Adeleke takes gold for Ireland in European 200 metres

Sophie O’Sullivan also medals on brilliant evening for Irish athletics

Rhasidat Adeleke   celebrates winning the 200 metres at the  U-18 European Championship   in Gyor, Hungary.  (Photograph: Laszlo Balogh/Getty Images
Rhasidat Adeleke celebrates winning the 200 metres at the U-18 European Championship in Gyor, Hungary. (Photograph: Laszlo Balogh/Getty Images

Another gold rush in Gyor and this time with a silver lining - Sophie O’Sullivan following Rhasidat Adeleke’s victory in the 200 metres with a brilliant silver medal run over 800m.

That's three medals Ireland have so far won at the European Under-18 Championships in Hungary, both Adeleke and O'Sullivan running lifetime bests and clearly the performances of their careers to date, adding to the classy gold medal won by Sarah Healy over 3,000m on Friday night.

Silver sat perfectly well with O’Sullivan - the same colour of course that her mother Sonia won over 5,000m at the Sydney Olympics - as she ran the near-perfect tactical race, even if ultimately conceding victory to the highly impressive Keely Hodgkinson from Great Britain, the pre-race favourite who lived up to her billing with a championship best performance of 2:04.88.

O’Sullivan, still only 16, clocked 2:06.05 in second - nicely beating her previous best of 2:07.95, with Gaël De Coninck from Sweden hot on her heels in third, in 2:06.14. Slightly boxed in after the first lap, O’Sullivan swept around the front of the race down the backstretch, before Hodgkinson bolted for home around the final bend.

READ MORE

“Feels pretty good,” said O’Sullivan, her mother trackside in Gyor and one of the first to congratulate her. “I was really happy just to get through the rounds and into the final, and really happy it turned out well. I was probably a bit too eager going down the backstretch, but managed to keep it going for the last 200m, but just couldn’t catch Keely, who was just too good.”
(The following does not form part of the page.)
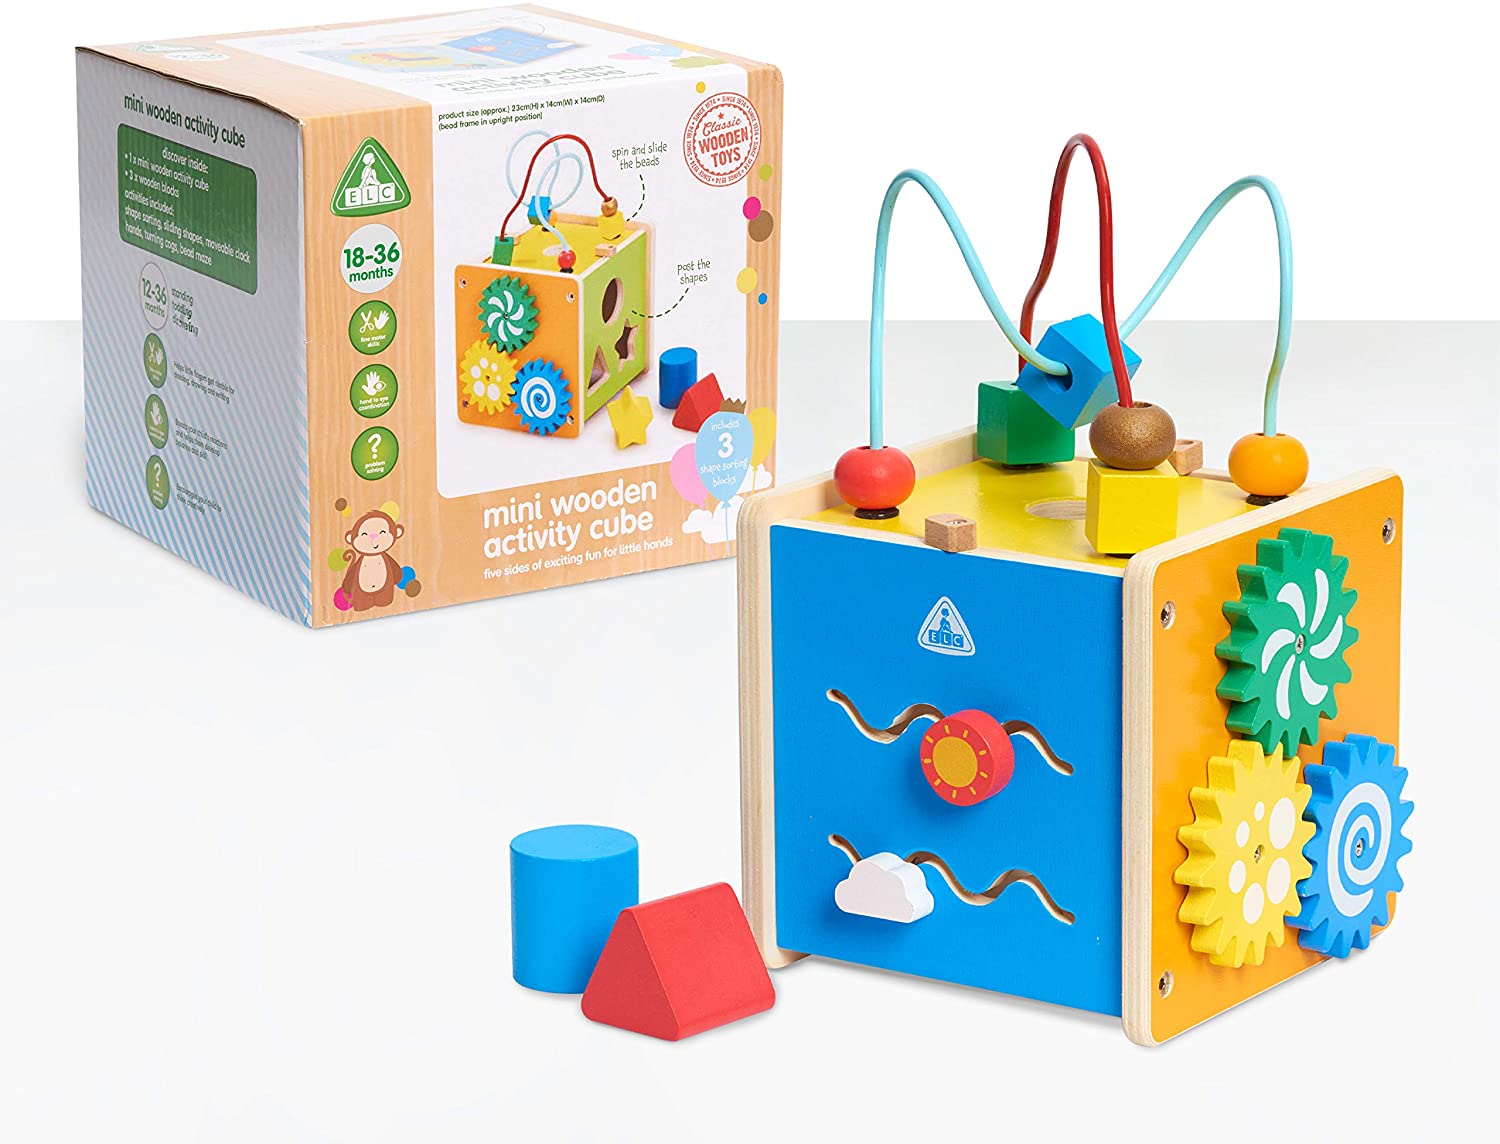 Early Learning Centre Mini Wooden Activity Cube Toy $6.39

Adeleke from Tallaght AC, still only 15 and one of the youngest in her event, had improved her 200m best to 23.77 to make the final earlier in the day, then bettered than again with her superb 23.52 seconds in the final, the fastest under-18 time in Europe this year - and enough to hold off Britain’s Gemima Josephy, who ran 23.60 in second

“I’m lost for words, I really wasn’t expecting that,” said Adeleke, who had several members of her family in Gyor to congratulate her. “You work all year, there will be doubts and things that will bring you down but coming out with the gold is crazy.”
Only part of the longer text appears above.